Figure 5. Experimental and simulated patterns of Fus3 phosphorylation.
a, b) The schematic shows the conventional ‘in-scaffold’ activation scheme (a) for Fus3 and an alternative activation scheme (b) according to which scaffold-bound Ste7 activates Fus3 that is not bound to Ste5. Arrows indicate kinase activity. c) Experimentally reported concentration profile of Fus3 (© Nature Publishing Group, originally published in Nature Cell Biology 9(11):1319–26, 2007, reproduced with permission). d) Yeast cell with Fus3 accumulation in the shmoo after stimulation with pheromone. Scale bar, 5 microns. (© Nature Publishing Group, originally published in Nature Cell Biology 9(11):1319–26, 2007, reproduced with permission). e) Overlay of the simulated concentration profile of phosphorylated Fus3 as a function of the distance from the shmoo tip and color-coded concentration (from red: high to blue: low) within a central plane through the simulated yeast cell.

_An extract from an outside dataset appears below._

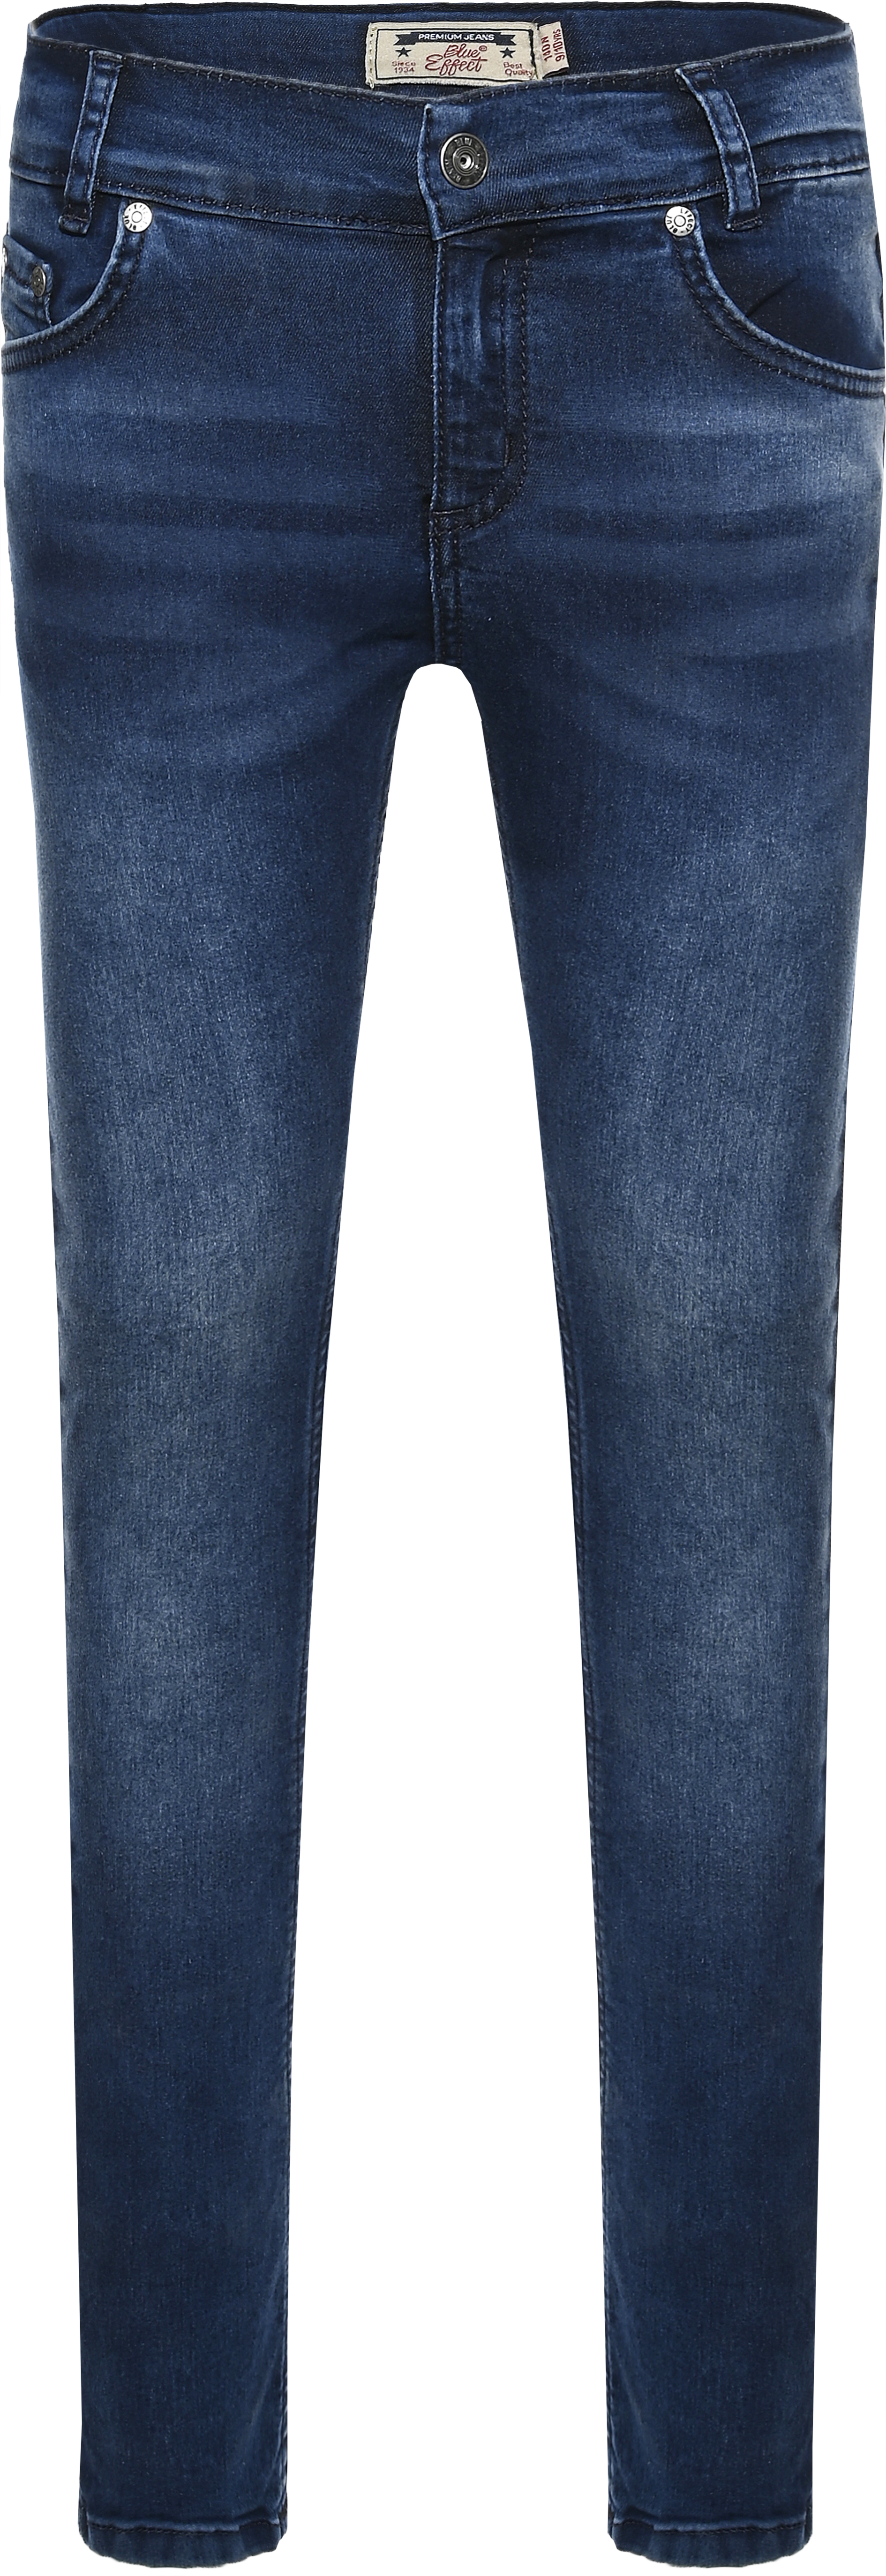 0233-NOS Boys Jeans Skinny verfügbar in Slim,Normal,Wide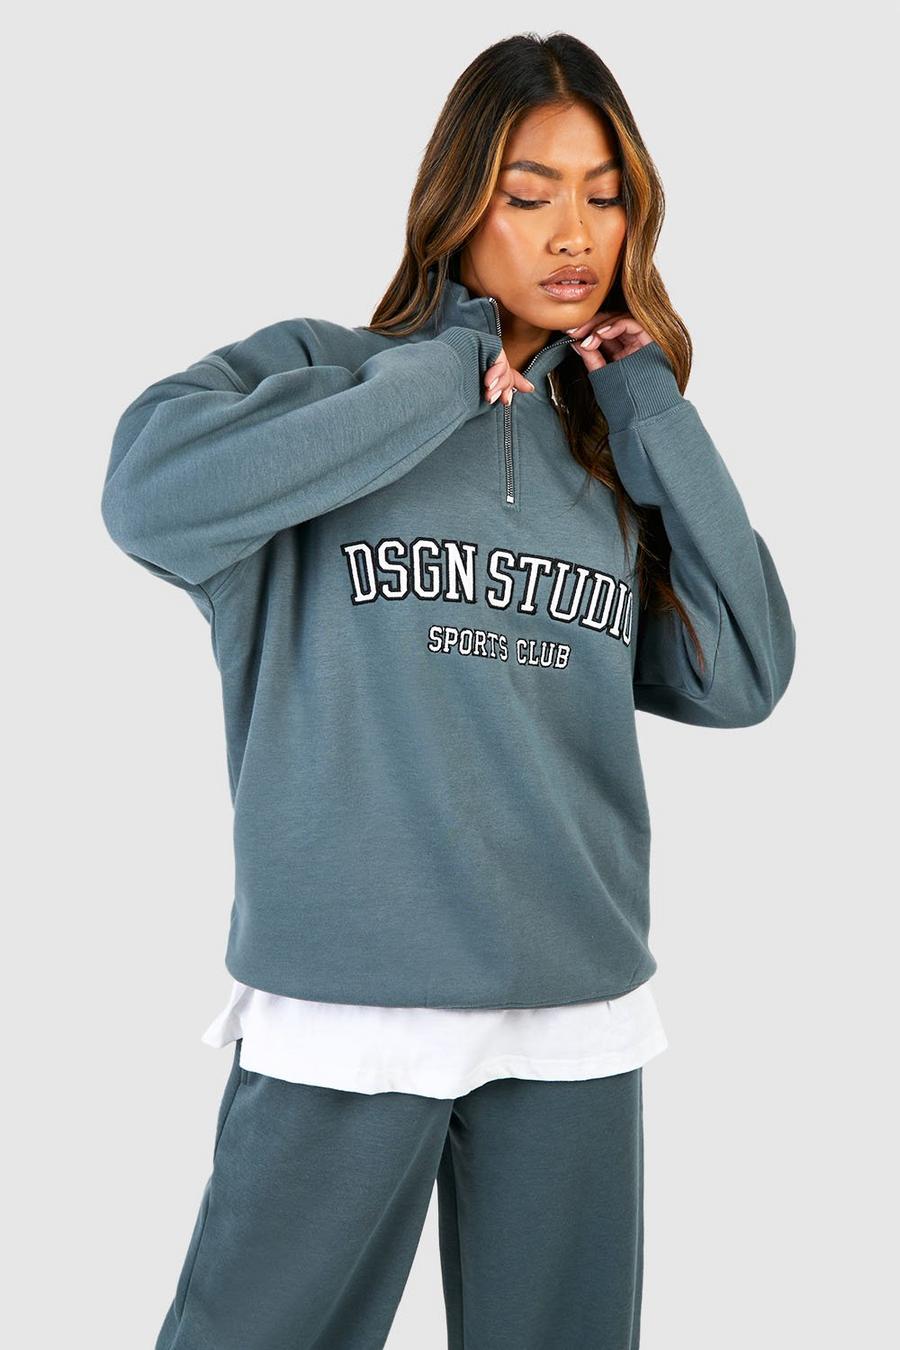 Sage green Dsgn Studio Applique Oversized Half Zip Sweatshirt

Side length of one square is 0.28 micrometers. f) The schematic shows the relative concentrations of the pFus3 producing complexes at the shmoo tip and in the cell body (red squares), the relative volumes of the two spatial regions (green squares) and the resulting relative contributions to the total pFus3 production (blue squares).
In addition, we included a tip-localized binding partner for pFus3 representing one of the targets of its kinase activity as suggested by the authors of the experimental study 30. This allowed the model to account for an experimentally reported imbalance between Fus3 and Ste5 at the tip and to satisfy an additional constraint provided by the experimental data (the shmoo tip contained 1.7 fold less Ste5 than Fus3) that would have been impossible to satisfy without these Fus3 binding partners (Supplementary Fig. 4). With this second modification, simulations reproduced both the experimentally observed Fus3 concentration and phosphorylation profile (Fig. 5c,d,e) and the phosphorylation of 40% of the total Fus3 pool. As in the original experiments30 the Fus3 concentration profiles were calculated using a spatial averaging over cells with different localizations of the cell nucleus (Supplementary Fig. 5).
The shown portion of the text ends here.